Among the tokens in our corpus, multimodal iteration essentially serves the following functions:
Referencing the problem in the student’s playing,
as is, in the original modality-signaling method combination, i.e. cello playing
in another modality-signaling method combination, to highlight the suboptimal aspects; and
demonstrating the desired, “correct” way of playing,
as is, in the original modality-signaling method combination, i.e. cello playing
in another modality-signaling method combination, to single out the desired properties.
Each of the examples presented serves some or all of these functions, with which the instructor highlights multiple aspects of the same idea through different combinations of modality and signaling method, but also contrasts “correct” and “incorrect” cello playing, thereby contributing to a fuller understanding of both on the student’s part.
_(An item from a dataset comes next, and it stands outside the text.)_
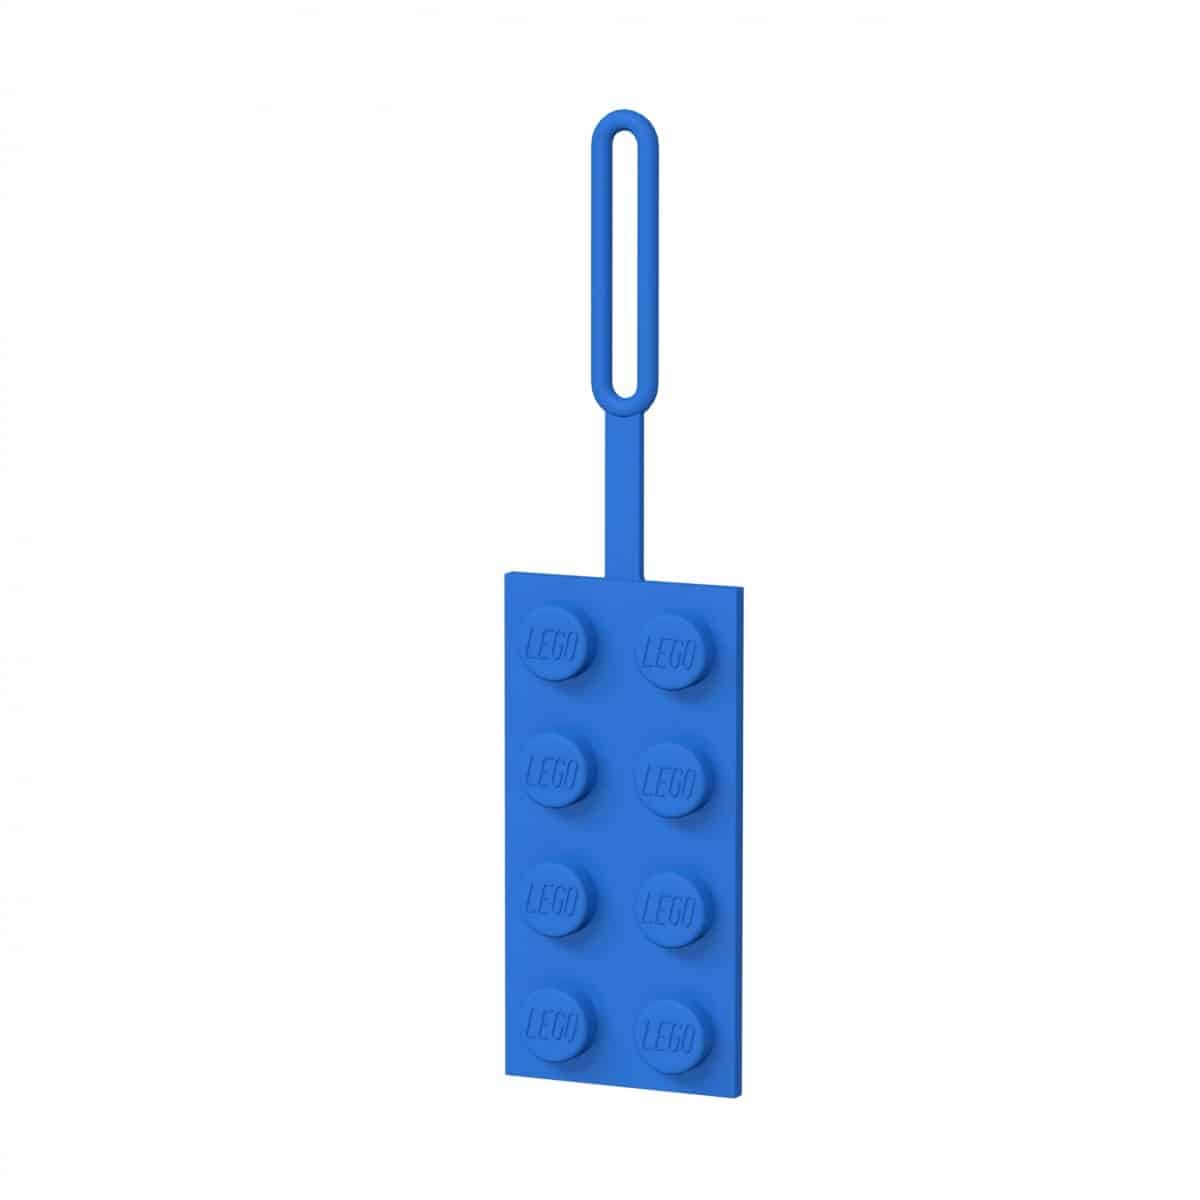 lego 5005543 etiquette de bagage bleue 2x4 scaled

Given the lack of explicit prompts in most cases, whether the relation between juxtaposed iterations is to be interpreted as one of similarity or contrast is dependent on the highly context-sensitive mechanisms of dialogic resonance. Though nuanced and often covert, multimodal iteration bears significant consequences to the sequential unfolding of the discourse.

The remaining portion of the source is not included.